His A Treatise Containing a Plan for the Internal Organization and Government of Marine Hospitals in the United States: Together with A Scheme for Amending and Systematizing the Medical Department of the United States Navy (1814) contained recommendations of reform for the already new Navy hospital system. He urged that U.S. Navy hospitals should be modeled after British medical facilities. One of his many recommendations recommended that all hospital property should be marked “U.S. Naval Hospital” to prevent theft. The mere fact of the book having achieved a second edition three years later, is an indication of the estimation in which it was held. It contained a fund of information collected from various sources, both at home and abroad, and revealed an originality of thought and expression which stamped its author as far in advance of the times.

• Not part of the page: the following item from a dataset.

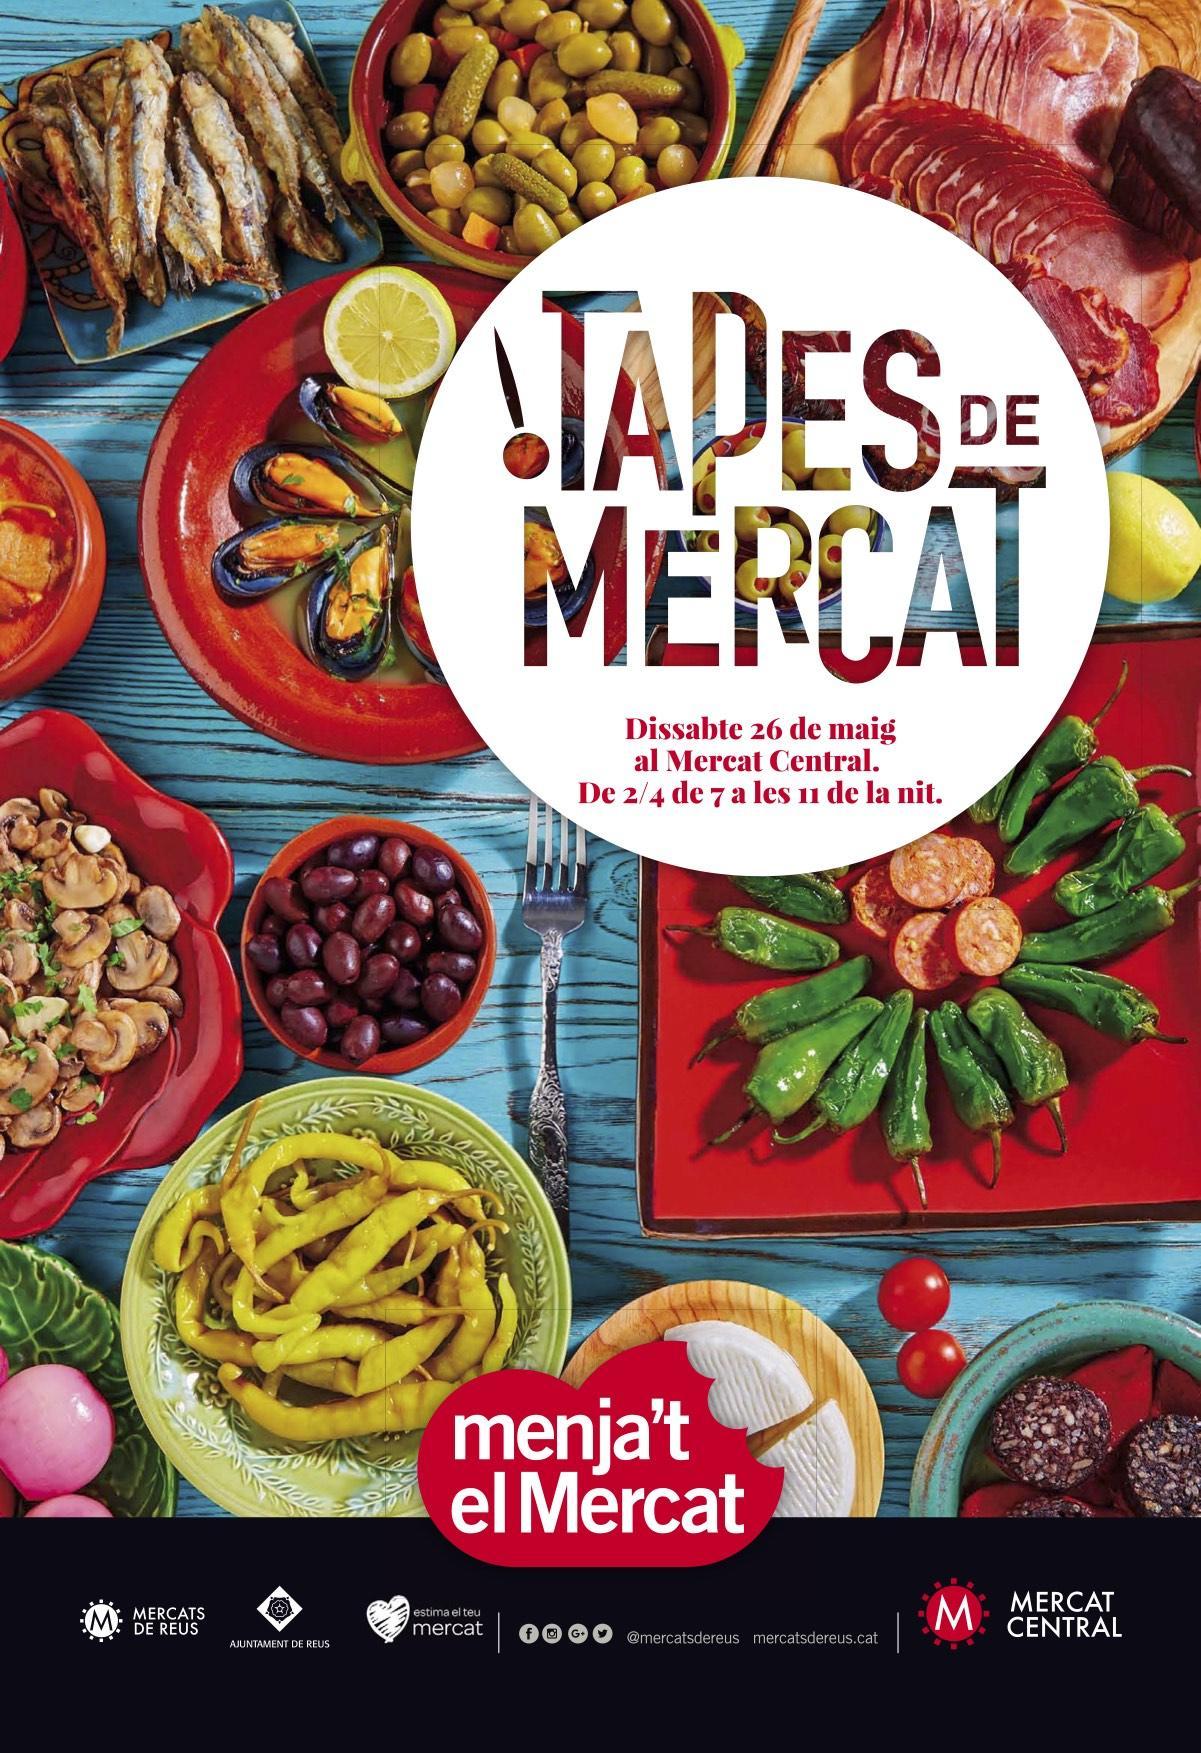 Menja't el Mercat, la nit de tapes al Mercat Central

=== Pennsylvania academics ===

On the death of his uncle Benjamin Smith Barton in 1815, William Barton became professor of botany at the University of Pennsylvania, and for years much of Barton's time was dedicated to the teaching of Materia Medica, or medical botany, at the University of Pennsylvania School of Medicine and Thomas Jefferson Medical College. One of his prominent students was Dr. Samuel D. Gross, later immortalized in the Thomas Eakins painting The Gross Clinic (1876). Gross portrayed his old teacher as a colorful character in a speech delivered to Alumni Association of Thomas Jefferson Medical College on March 11, 1871.

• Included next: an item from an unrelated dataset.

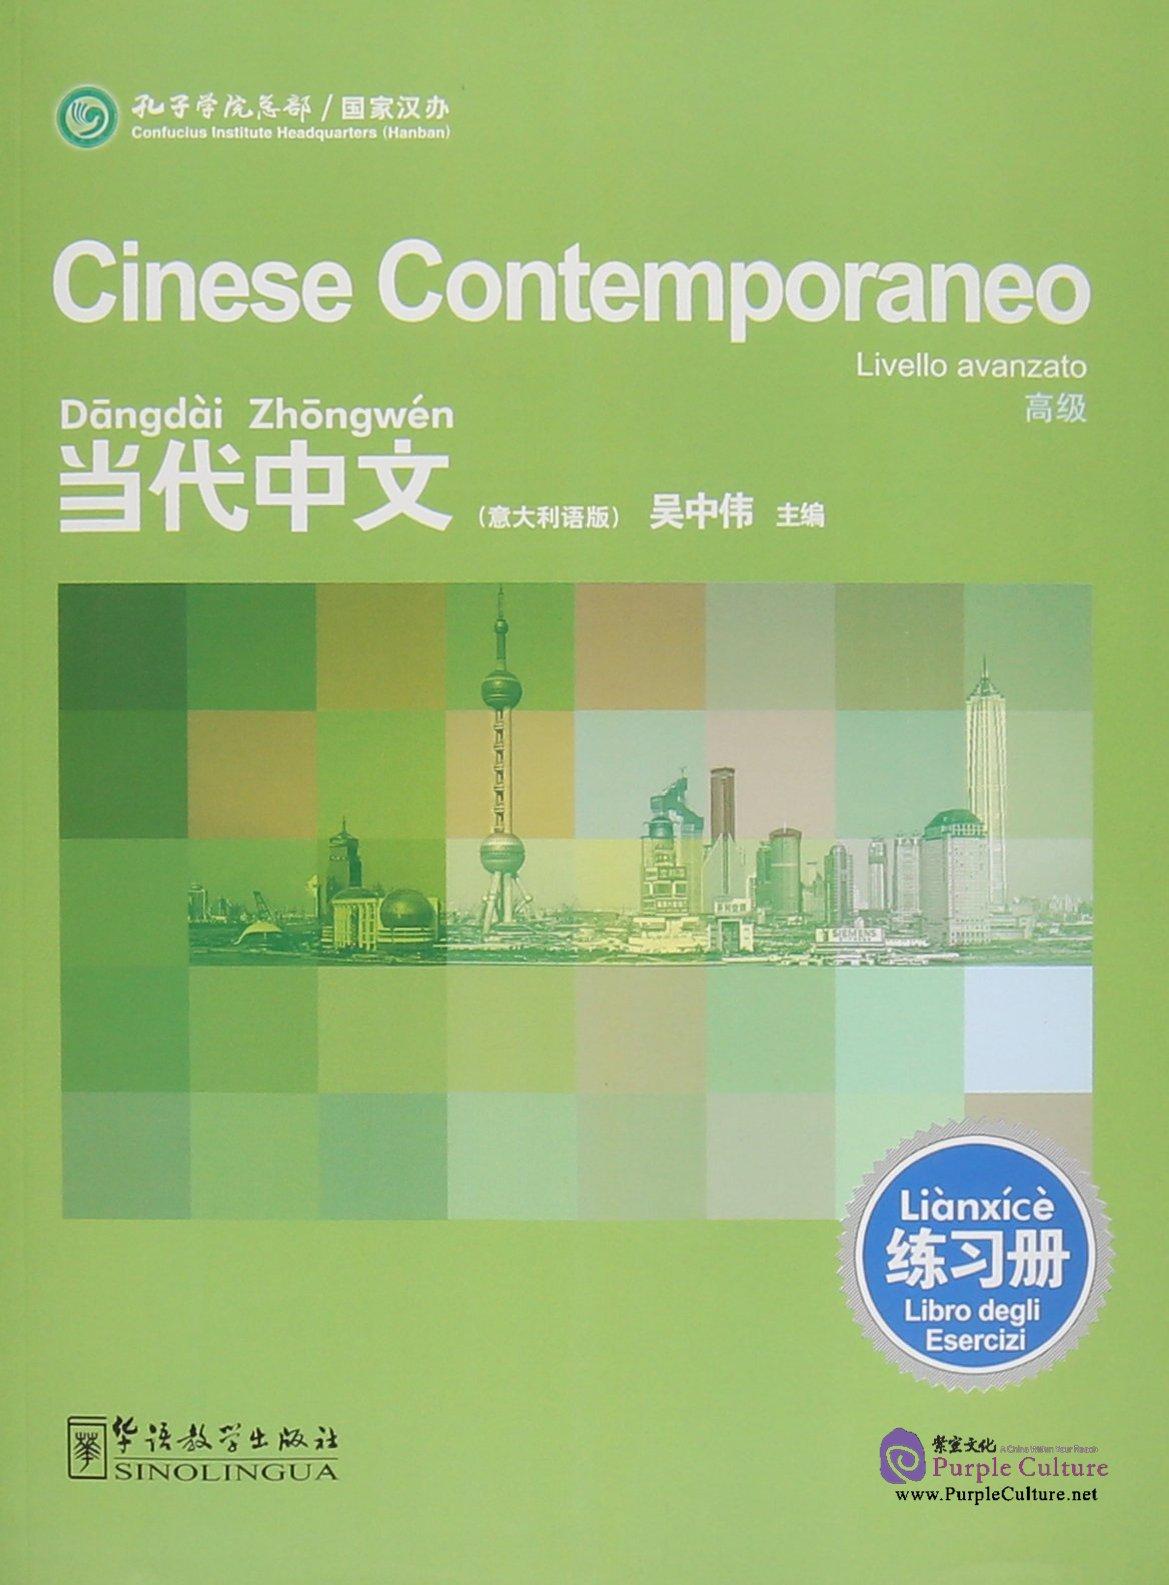 Cinese Contemporaneo Livello Avanzato Libro Degli

From 1828 to 1829, Barton also served as the Dean of Jefferson Medical College. He was a fellow of the college of physicians in Philadelphia, president of the Linnaean Society, and a member of the American Philosophical Society, and other scientific societies.

=== Personal life ===

His brother was John Rhea Barton (1796–1871), the originator of corrective osteotomy for joint ankylosis. He invented both the "Barton bandage" (a figure eight bandage that provides support below and anterior to the lower jaw), and Barton forceps (obstetrical forceps with one fixed, curved blade and lunged anterior blade for application to a high transverse position of the head). The Barton Collection at Boston Public Library is named after Benjamin Smith Barton's son Thomas Pennant Barton (1803–1869), who was William Barton's first cousin. It comprises one of largest and most valuable Shakespeare collections in the world.

Barton was married to Esther Sergeant the grand daughter of David Rittenhouse, the great American astronomer and President of the American Philosophical Society. Esther Barton allegedly colored many of Dr. Barton's botanical drawings in his A Flora of North America, but a search for documentation was not unsuccessful. The colored plates in Flora that were engraved by Cornelius Tiebout (using what Barton called "the new style of engraving" and "the French method") can be viewed online.

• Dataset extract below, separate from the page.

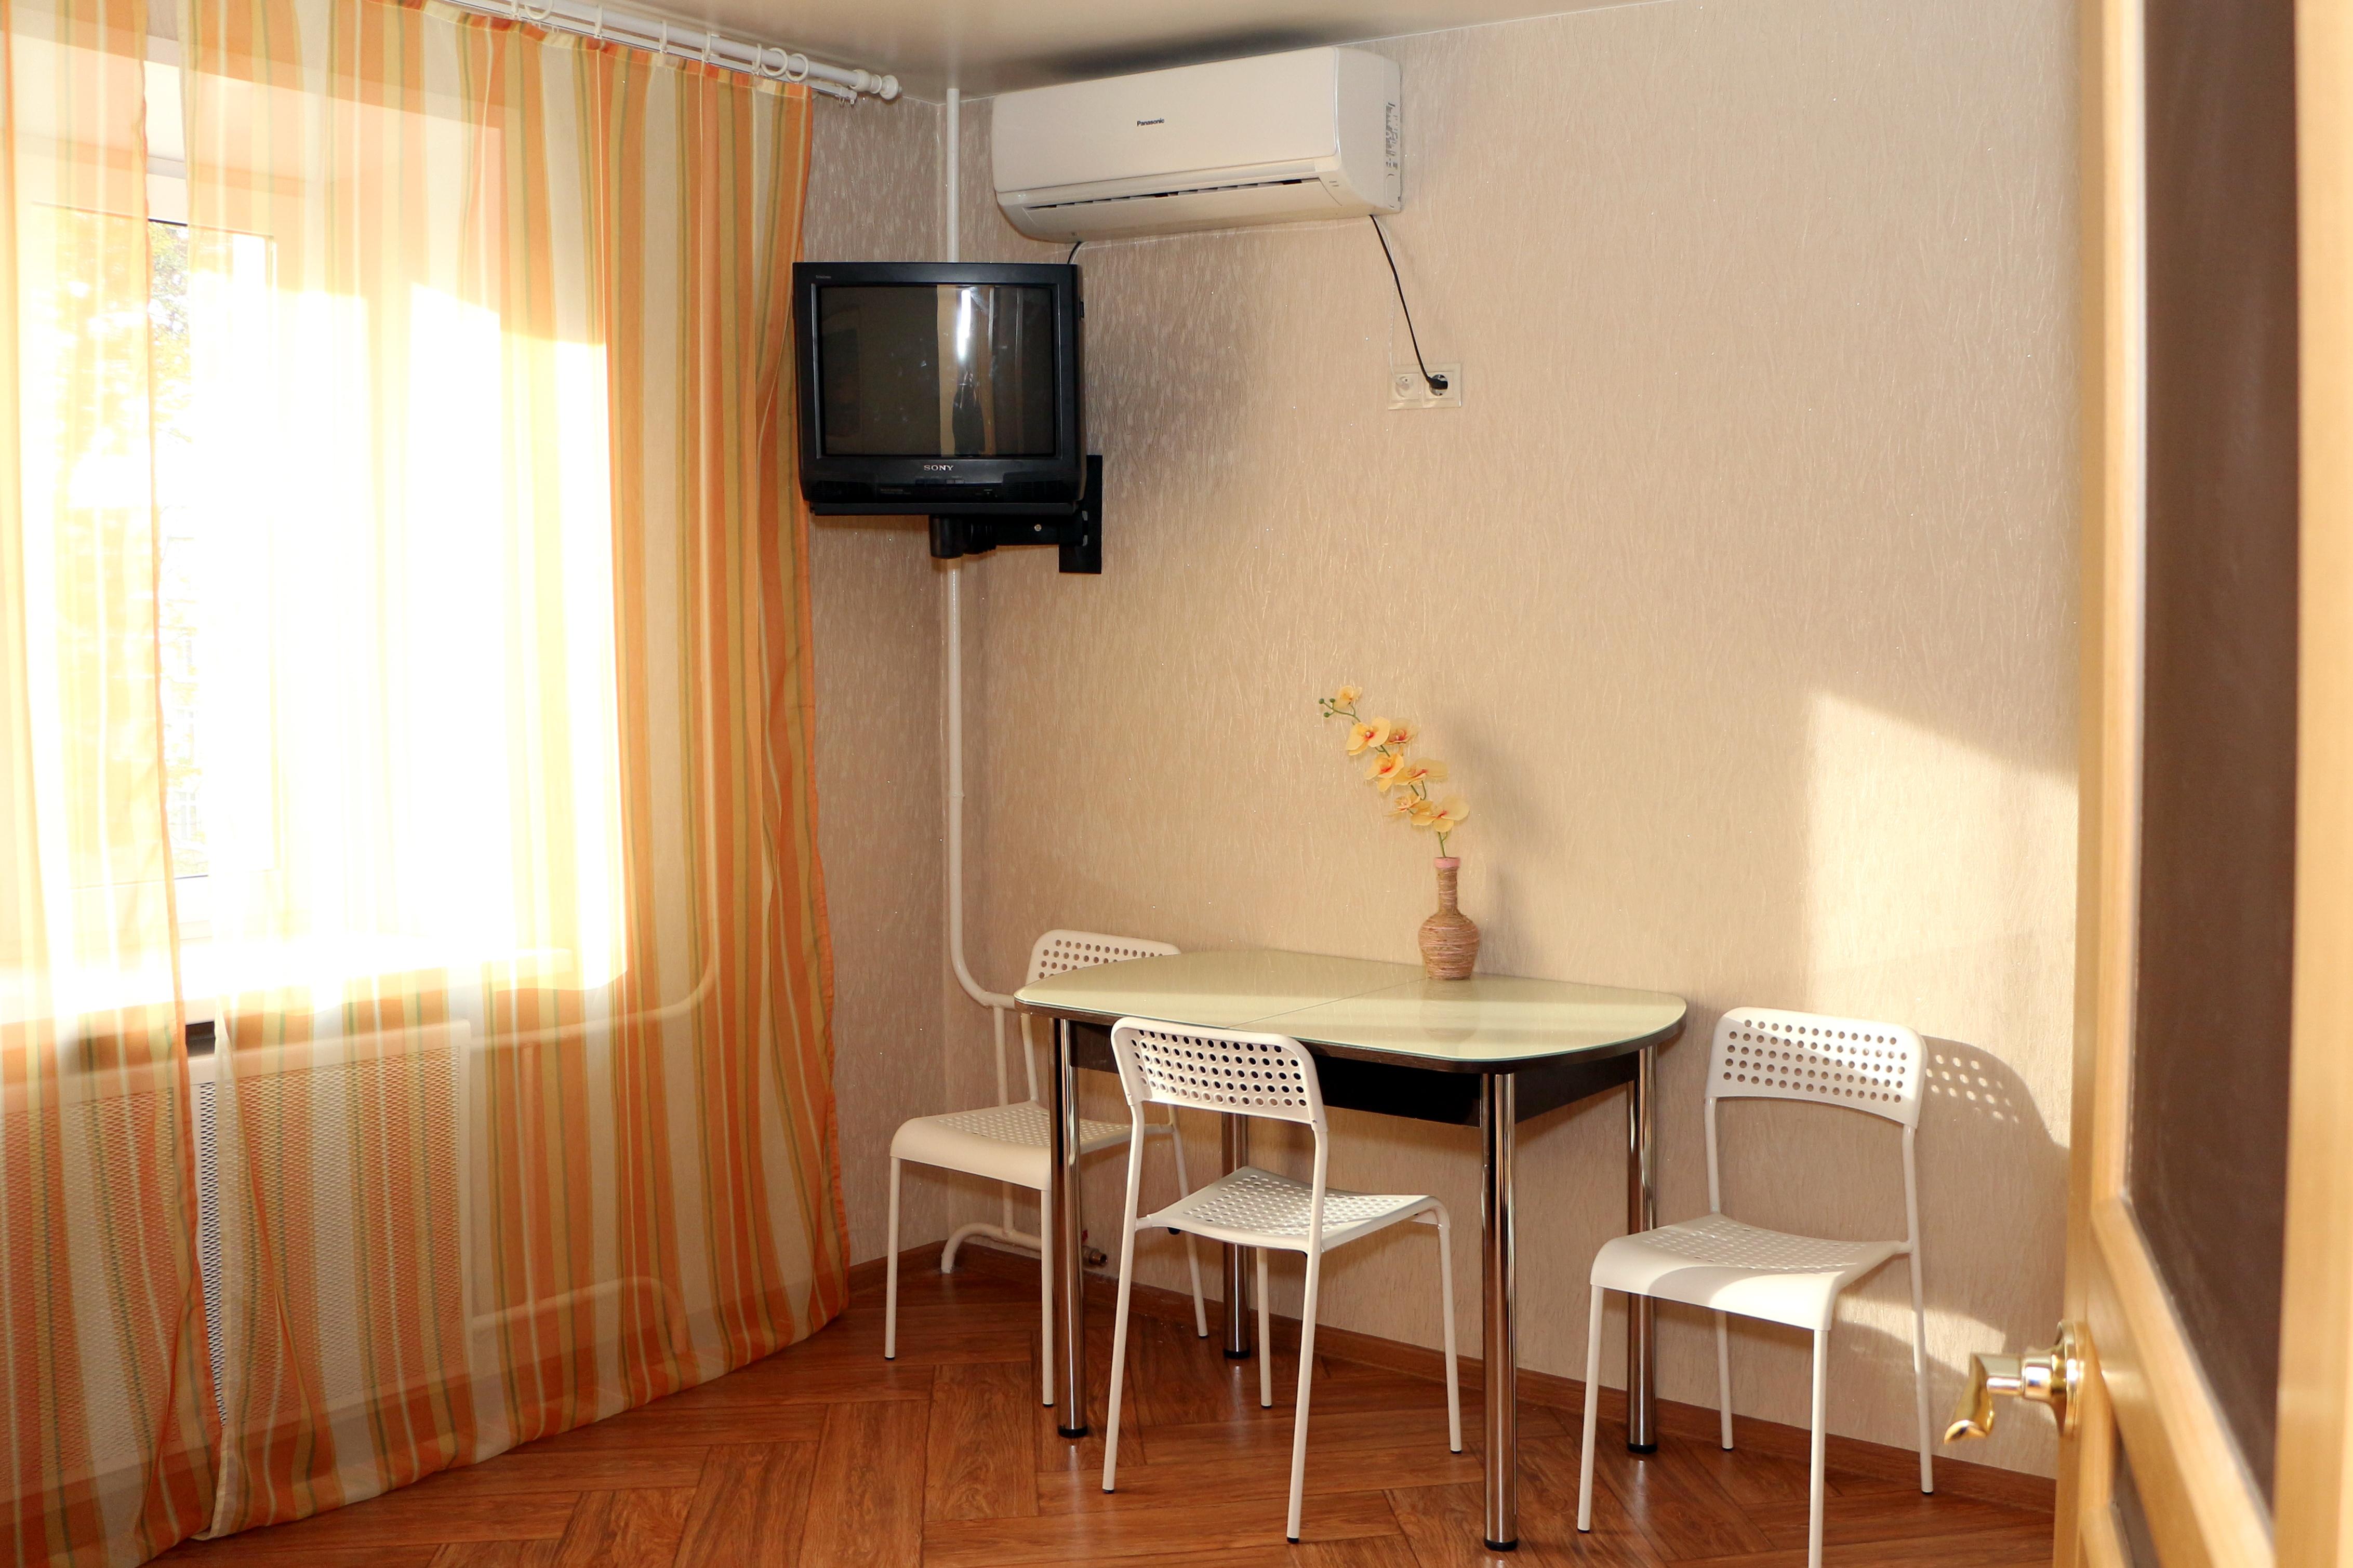 1 Zimmer Apartment mit Kcke und Balkon in Ulyanovsk sehr zentral

He died on March 27, 1856, in Philadelphia, Pennsylvania.

== Bibliography ==
- A Dissertation on Chymical Properties and Exhilarating Effects of Nitrous Oxide Gas and Its Application to Pneumatick Medicine Philadelphia: Lorenzo Pres, 1808: xiii–v.
- A Treatise Containing a Plan for the Internal Organization and Government of Marine Hospitals in the United States: Together with A Scheme for Amending and Systematizing the Medical Department of the United States Navy 1st ed. Philadelphia; Privately printed, 1814.
- Vegetable Materia Medica of the United States (1817)
- Compedium Florae Philadelphicae (1818)
- A Flora of North America (vol. 1, 1821; vol. 2, 1822; vol. 3, 1823)
- Hints for Medical Officers Cruising in the West Indies (1830)
- A Polemical Remonstrance Against the Project of Creating the New Office of Surgeon General in the Navy of the United States (1838)

== Miscellaneous ==

The Philadelphia Botanical Club publishes a journal named after Dr. Barton called the Bartonia. The publication publishes articles about original research in plant systematics, plant ecology, and plant conservation biology.